Conversely, as to the third factor of the traditional stay standard, the Court found that “a stay will do OSHA no harm whatsoever” and “any abstract “harm” a stay might cause the Agency pales in comparison and importance to the harms the absence of a stay threatens to cause countless individuals and companies.” Id. at 25.

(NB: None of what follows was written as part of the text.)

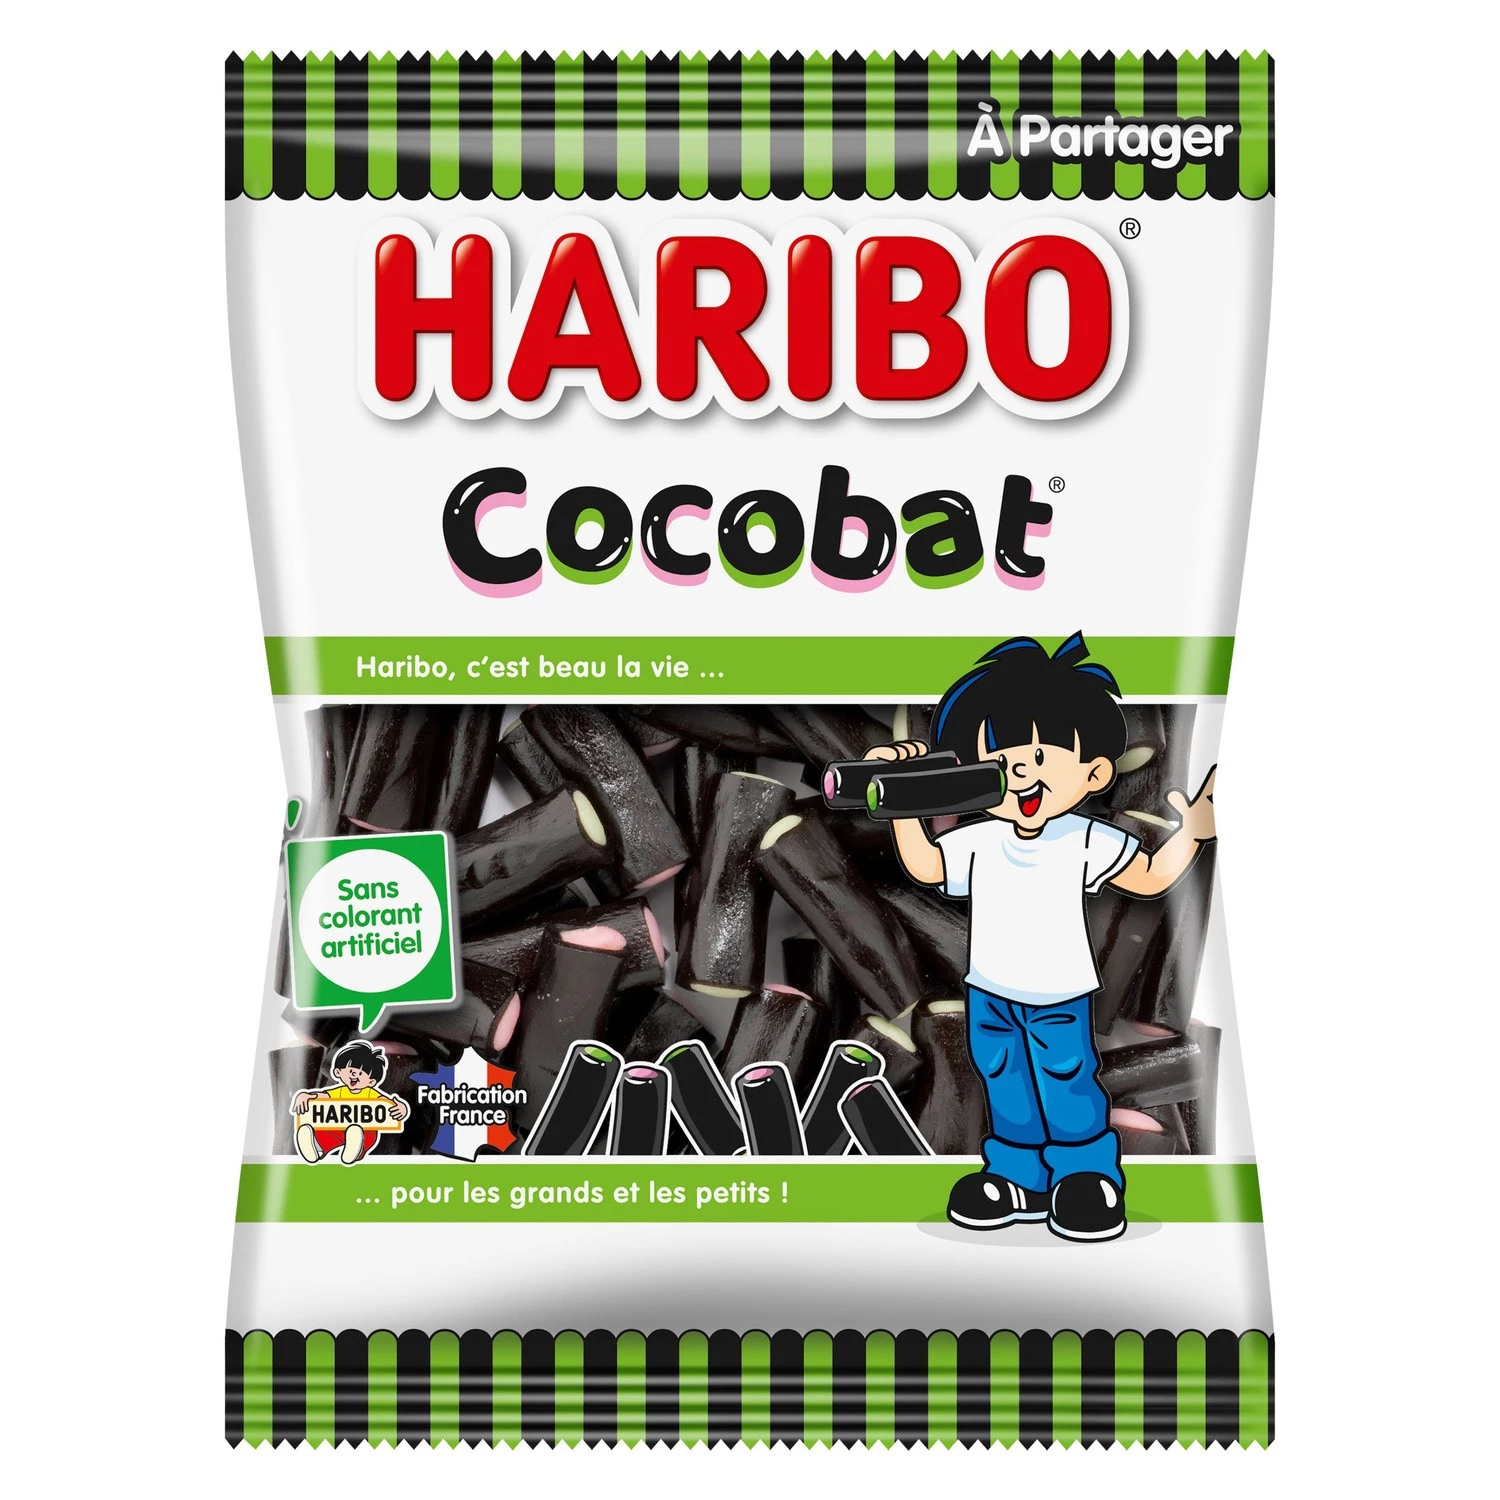 Caramelos de cocobata; 300g - HARIBO

Finally, the Court found in assessing the fourth factor of the traditional stay standard that “a stay is firmly in the public interest.” Id. The Court stated that “[t]he public interest is also served by maintaining our constitutional structure and maintaining the liberty of individuals to make intensely personal decisions according to their own convictions—even, or perhaps particularly, when those decisions frustrate government officials.” Id. at 26.

The Court held that “health agencies do not make housing policy, and occupational safety administrations do not make health policy”, and, “[i]n seeking to do so here, OSHA runs afoul of the statute from which it draws its power and, likely, violates the constitutional structure that safeguards our collective liberty.” Id., citing Ala. Ass’n of Realtors, 141 S. Ct. at 2488-90.

Following the above court ruling, on November 16, 2021, the U.S. Judicial Panel on Multidistrict Litigation decided that the 6th Circuit Court of Appeals, based in Cincinnati, Ohio, will preside over future litigation on the U.S. Department of Labor’s rule requiring companies with at least100 employees to mandate COVID-19 vaccinations or weekly tests. No doubt, the BST holding noted above may well set the benchmark standard, as it appears well reasoned. But, most likely, this issue may be heading to the U.S Supreme Court in the near future, which may have the final say on this issue.